Located within the ancient walled city of Angkor Thom and part of the Angkor temples UNESCO World Heritage Site, the Terrace of the Elephants is renowned for its exquisite stone carvings. Built at the end of the 12th century by King Jayavarman VII, the temple takes its name from the depictions of parading elephants that adorn the terrace walls. The Basics
Often included on tours of the Angkor Temples, the Terrace of the Elephants is among the highlights of Angkor Thom, located close to the Terrace of the Leper King, Bayon Temple, and the Royal Palace of Phimeanakas.
Half- and full-day tours run to the Angkor temples from Siem Reap, and most combine a visit to Angkor Thom and the Terrace of the Elephants with stops at other ruins such as the “jungle temple” of Ta Prohm, Banteay Srei, and, of course, world-famous Angkor Wat. Opt to travel around the vast temple site by tuk-tuk; hire a bike and cycle between the ruins; or, for extra comfort, choose a private tour in an air-conditioned vehicle. Things to Know Before You Go
How to Get There
- An Angkor Pass is required to visit the Terrace of the Elephants and the other Angkor temples.

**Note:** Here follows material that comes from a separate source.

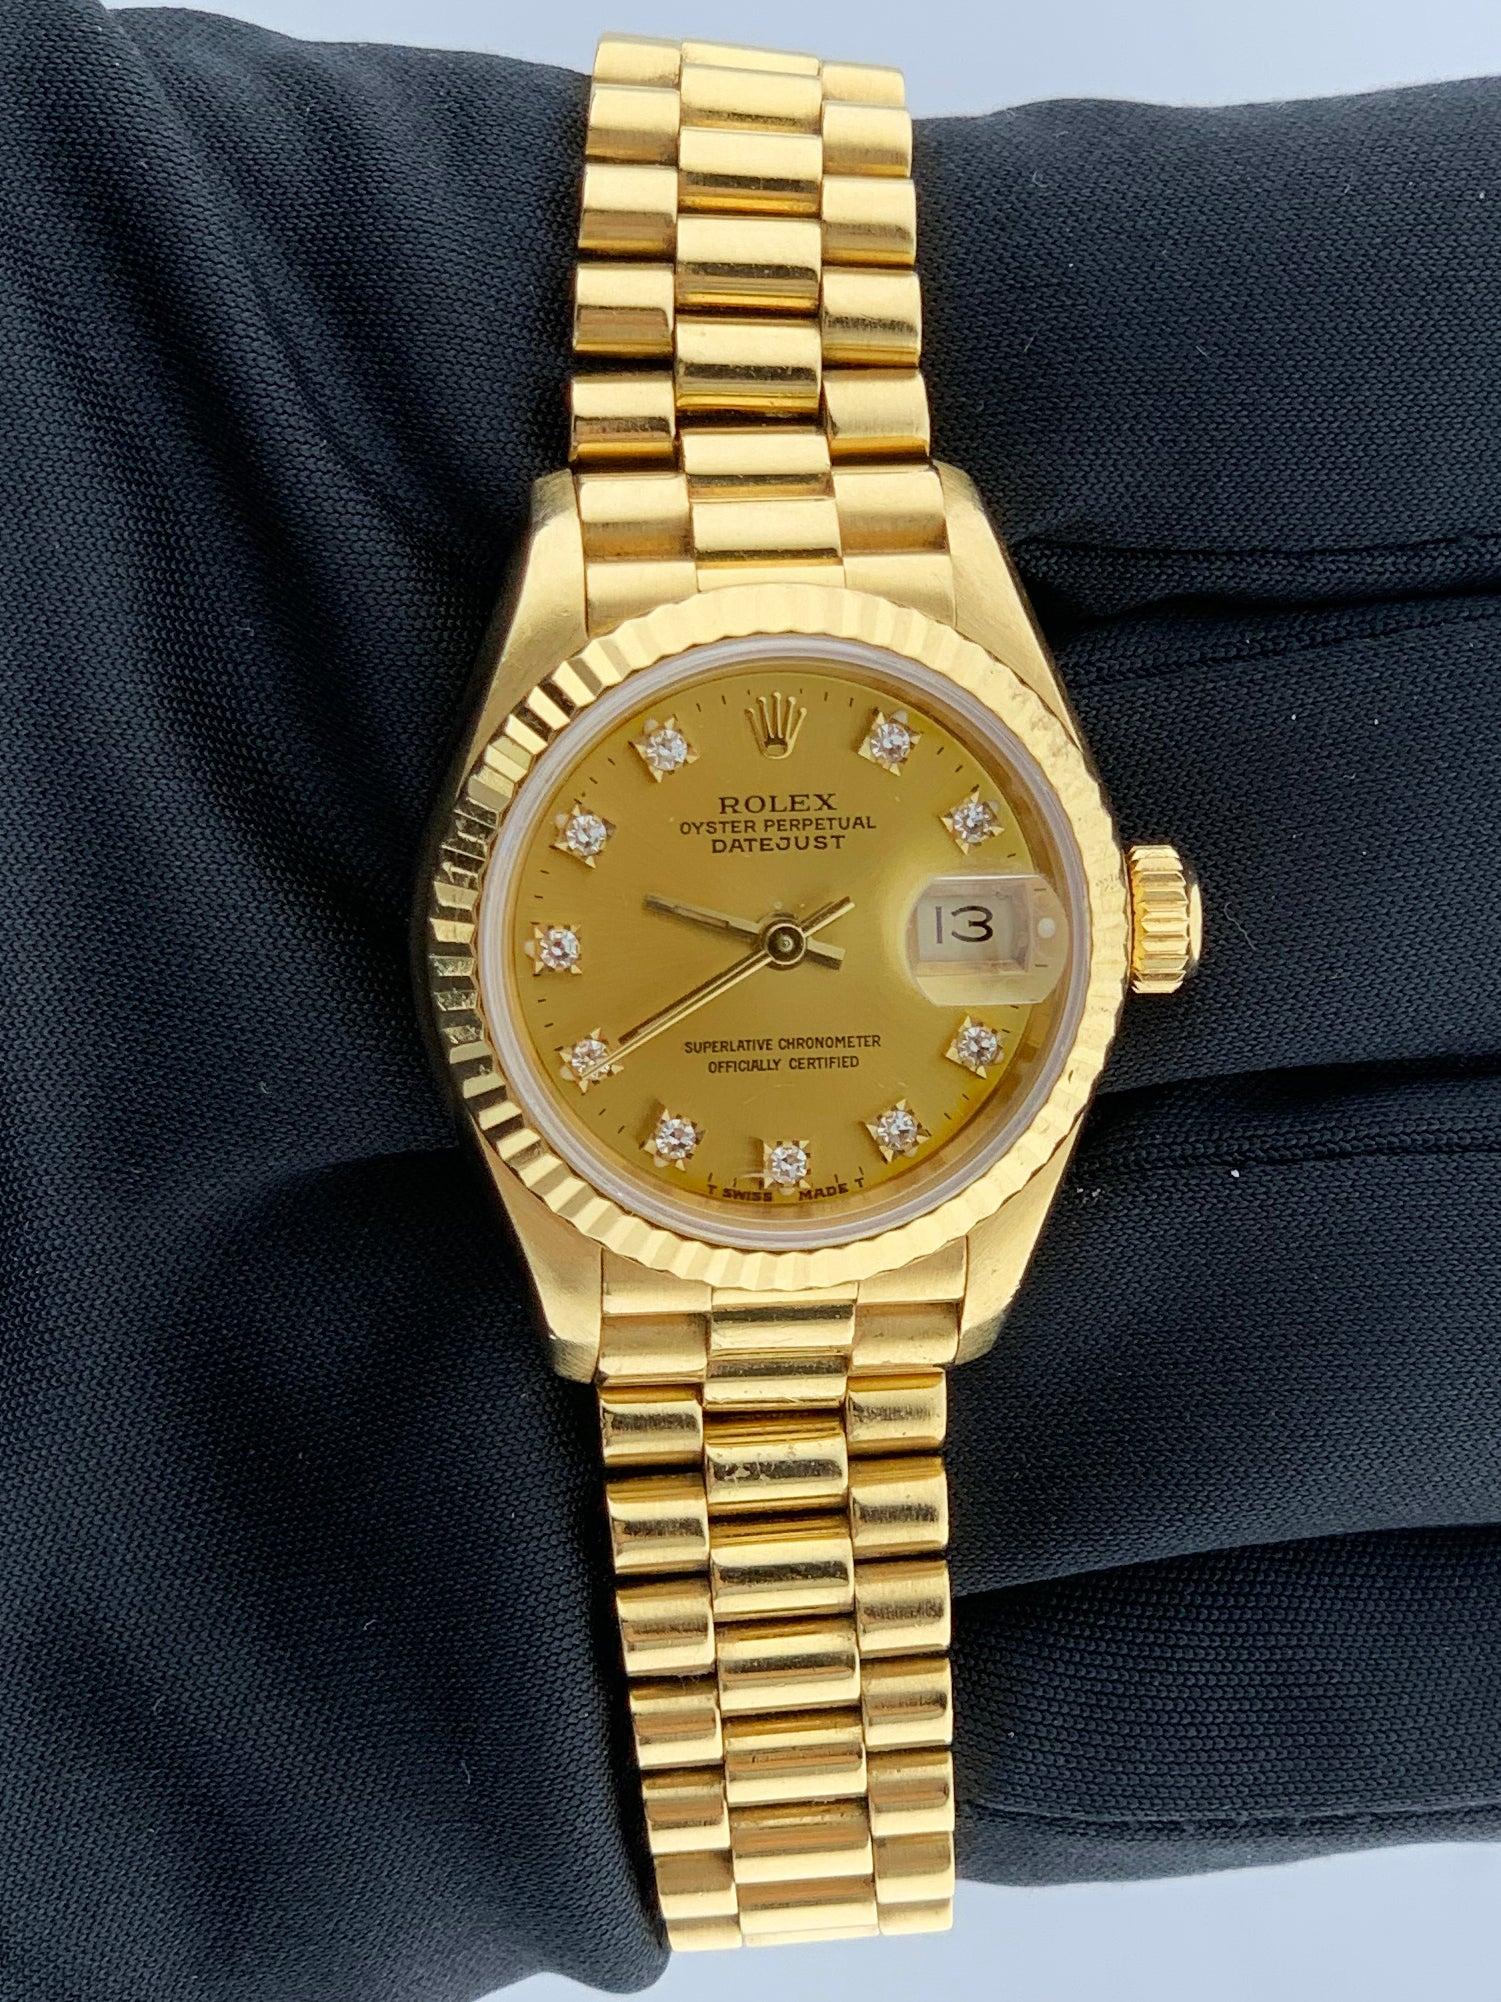 Rolex Oyster Perpetual Datejust 69178 ladies watch. 26mm 18K yellow gold case with a fluted bezel. Champagne dial with gold hands and original factory diamond set hour markers. 18K yellow gold president bracelet with 18K yellow gold hidden fold over

- The Angkor archaeological site is Cambodia’s most visited attraction, and visiting with a guide will ensure that you maximize your time at the large complex.
- Parts of the temple site are wheelchair-accessible, but some areas may be off-limits due to uneven terrain.
The Angkor Archaeological Park is located 4 miles (6 kilometers) north of Siem Reap in Siem Reap Province. Travelers can arrive by tuk-tuk or choose a guided Angkor tour with round-trip transportation from the city. The Terrace of the Elephants is located in Angkor Thom, around 2.5 miles (4 kilometers) north of Angkor Wat.When to Get There
Angkor’s peak season is from November to February, when huge crowds descend on the temples. The best time to visit the Terrace of the Elephants is in the morning, when the soft light is ideal for admiring the fine stonework and taking photos.
Exploring the Ruins of the Terrace of the Elephants
The terrace, which stretches nearly 1,150 feet (350 meters) across a grassy expanse, once served as a ceremonial platform and foundation for the Khmer king’s royal audience hall. Leave ample time to admire the relief stone carvings—the intricate designs include elephant parades, elephant trunks, circuslike scenes of acrobats, and wrestling matches.